Files
openclaw/docs/nodes/images.md

3.9 KiB
Raw Blame History

summary, read_when, title
summary read_when title
Image and media handling rules for send, gateway, and agent replies
Modifying media pipeline or attachments
Image and media support

The WhatsApp channel runs via Baileys Web. This document captures the current media handling rules for send, gateway, and agent replies.

Goals

  • Send media with optional captions via openclaw message send --media.
  • Allow auto-replies from the web inbox to include media alongside text.
  • Keep per-type limits sane and predictable.

CLI Surface

  • openclaw message send --media <path-or-url> [--message <caption>]
    • --media optional; caption can be empty for media-only sends.
    • --dry-run prints the resolved payload; --json emits { channel, to, messageId, mediaUrl, caption }.

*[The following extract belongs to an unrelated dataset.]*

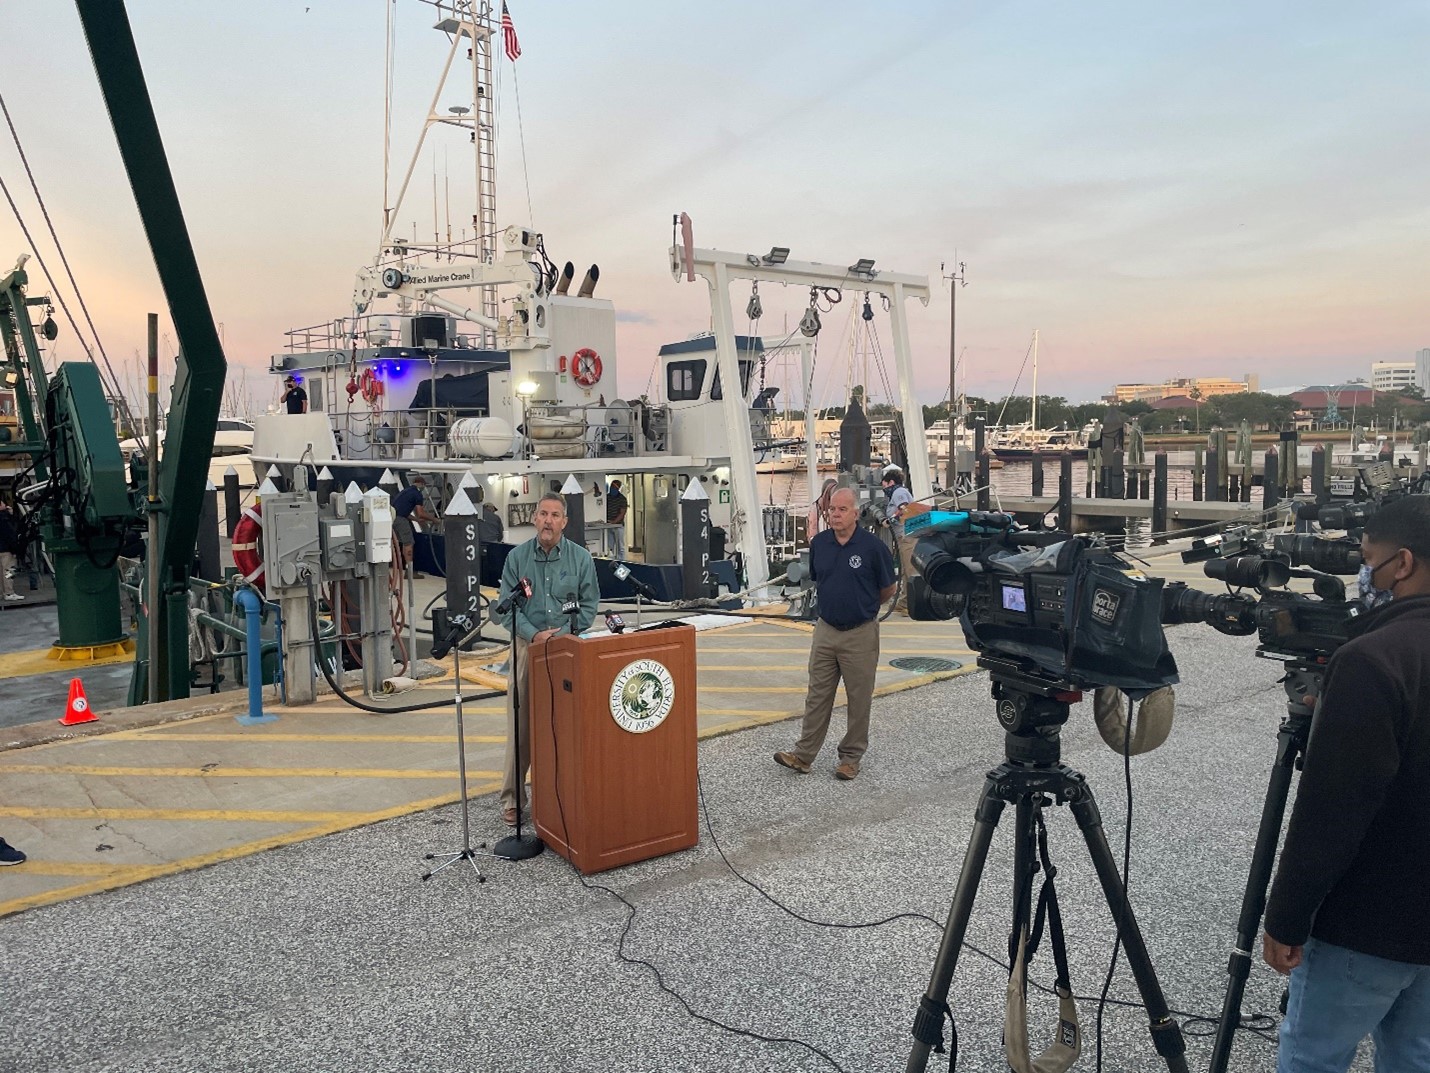 Tom Frazer, dean of the USF College of Marine Science, and Monty Graham, Director of FIO, spoke at a press event held before the R/V Weatherbird departed on the first research sampling effort in response to Piney Point.

WhatsApp Web channel behavior

  • Input: local file path or HTTP(S) URL.
  • Flow: load into a Buffer, detect media kind, and build the correct payload:
    • Images: resize & recompress to JPEG (max side 2048px) targeting channels.whatsapp.mediaMaxMb (default: 50MB).
    • Audio/Voice/Video: pass-through up to 16MB; audio is sent as a voice note (ptt: true).
    • Documents: anything else, up to 100MB, with filename preserved when available.
  • WhatsApp GIF-style playback: send an MP4 with gifPlayback: true (CLI: --gif-playback) so mobile clients loop inline.
  • MIME detection prefers magic bytes, then headers, then file extension.
  • Caption comes from --message or reply.text; empty caption is allowed.
  • Logging: non-verbose shows ↩️/; verbose includes size and source path/URL.

Auto-Reply Pipeline

  • getReplyFromConfig returns { text?, mediaUrl?, mediaUrls? }.
  • When media is present, the web sender resolves local paths or URLs using the same pipeline as openclaw message send.
  • Multiple media entries are sent sequentially if provided.

Inbound media to commands (Pi)

  • When inbound web messages include media, OpenClaw downloads to a temp file and exposes templating variables:
    • {{MediaUrl}} pseudo-URL for the inbound media.
    • {{MediaPath}} local temp path written before running the command.
  • When a per-session Docker sandbox is enabled, inbound media is copied into the sandbox workspace and MediaPath/MediaUrl are rewritten to a relative path like media/inbound/<filename>.
  • Media understanding (if configured via tools.media.* or shared tools.media.models) runs before templating and can insert [Image], [Audio], and [Video] blocks into Body.
    • Audio sets {{Transcript}} and uses the transcript for command parsing so slash commands still work.
    • Video and image descriptions preserve any caption text for command parsing.
    • If the active primary image model already supports vision natively, OpenClaw skips the [Image] summary block and passes the original image to the model instead.
  • By default only the first matching image/audio/video attachment is processed; set tools.media.<cap>.attachments to process multiple attachments.

Limits and errors

Outbound send caps (WhatsApp web send)

  • Images: up to channels.whatsapp.mediaMaxMb (default: 50MB) after recompression.
  • Audio/voice/video: 16MB cap; documents: 100MB cap.
  • Oversize or unreadable media → clear error in logs and the reply is skipped.

Media understanding caps (transcription/description)

  • Image default: 10MB (tools.media.image.maxBytes).
  • Audio default: 20MB (tools.media.audio.maxBytes).
  • Video default: 50MB (tools.media.video.maxBytes).
  • Oversize media skips understanding, but replies still go through with the original body.

Notes for Tests

  • Cover send + reply flows for image/audio/document cases.
  • Validate recompression for images (size bound) and voice-note flag for audio.
  • Ensure multi-media replies fan out as sequential sends.